On 5/31/17 2:11 PM, John Fastabend wrote:
>> @@ -2721,14 +2724,14 @@ static int inet_rtm_getroute(struct sk_buff *in_skb,
>> struct nlmsghdr *nlh,
>> skb->protocol = htons(ETH_P_IP);
>> skb->dev = dev;
>> skb->mark = mark;
>> - err = ip_route_input(skb, dst, src, rtm->rtm_tos, dev);
>> + err = ip_route_input_rcu(skb, dst, src, rtm->rtm_tos,
>> + dev, &res);
>>
>> rt = skb_rtable(skb);
>> if (err == 0 && rt->dst.error)
>> err = -rt->dst.error;
>> } else {
>> - rt = ip_route_output_key(net, &fl4);
>> -
>> + rt = ip_route_output_key_hash_rcu(net, &fl4, &res, skb);
>> err = 0;
>> if (IS_ERR(rt))
>> err = PTR_ERR(rt);
>> @@ -2737,7 +2740,6 @@ static int inet_rtm_getroute(struct sk_buff *in_skb,
>> struct nlmsghdr *nlh,
>> if (err)
>> goto errout_free;
>>
>> - skb_dst_set(skb, &rt->dst);
>
>
> Why did you remove this? Neither ip_route_input() or ip_route_output_key()

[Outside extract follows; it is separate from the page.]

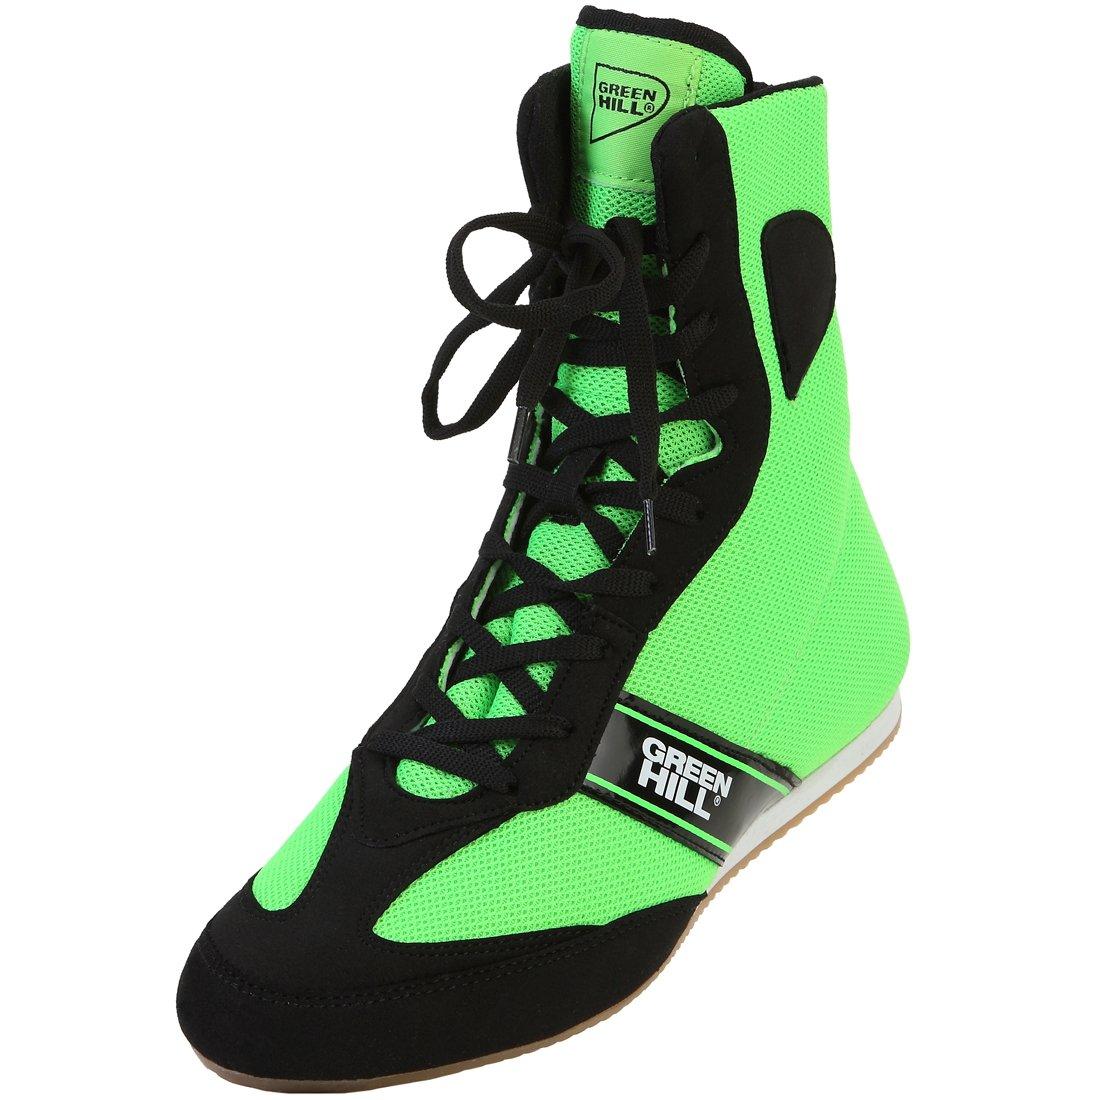 Grün Hill Boxschuhe Boxing schuhe,Boxerschuhe High-Top Boxing Stiefel Stiefel Boxing Boxen Stiefel,Boxing Training Stiefel Trainingsschuh for Boxing Professional Training. 29f76f

> seem to justify this with a quick scan on my side. Feel free to correct me
> here.
>
original patch was done in January. I forget why I took it out. It is
clearly needed to release the dst. Might as well undo the argument
change to rt_fill_info since it is attached to the skb. Something like
this (whitespace damaged on paste - stupid Mac):
diff --git a/net/ipv4/route.c b/net/ipv4/route.c
index f1f2e5aaa2d6..93cca12a8319 100644
--- a/net/ipv4/route.c
+++ b/net/ipv4/route.c
@@ -2547,8 +2547,9 @@ EXPORT_SYMBOL_GPL(ip_route_output_flow);
/* called with rcu_read_lock held */
static int rt_fill_info(struct net *net, __be32 dst, __be32 src, u32
table_id,
struct flowi4 *fl4, struct sk_buff *skb, u32 portid,
- u32 seq, struct rtable *rt)
+ u32 seq)
{
+ struct rtable *rt = skb_rtable(skb);
struct rtmsg *r;
struct nlmsghdr *nlh;
unsigned long expires = 0;
@@ -2750,6 +2751,8 @@ static int inet_rtm_getroute(struct sk_buff
*in_skb, struct nlmsghdr *nlh,
if (err)
goto errout_free;
+ skb_dst_set(skb, &rt->dst);
+
if (rtm->rtm_flags & RTM_F_NOTIFY)
rt->rt_flags |= RTCF_NOTIFY;
@@ -2763,8 +2766,7 @@ static int inet_rtm_getroute(struct sk_buff
*in_skb, struct nlmsghdr *nlh,
fl4.flowi4_tos, res.fi, 0);
else
err = rt_fill_info(net, dst, src, table_id, &fl4, skb,
- NETLINK_CB(in_skb).portid,
nlh->nlmsg_seq,
- rt);
+ NETLINK_CB(in_skb).portid,
nlh->nlmsg_seq);
if (err < 0)
goto errout_free;
Seems to work for me.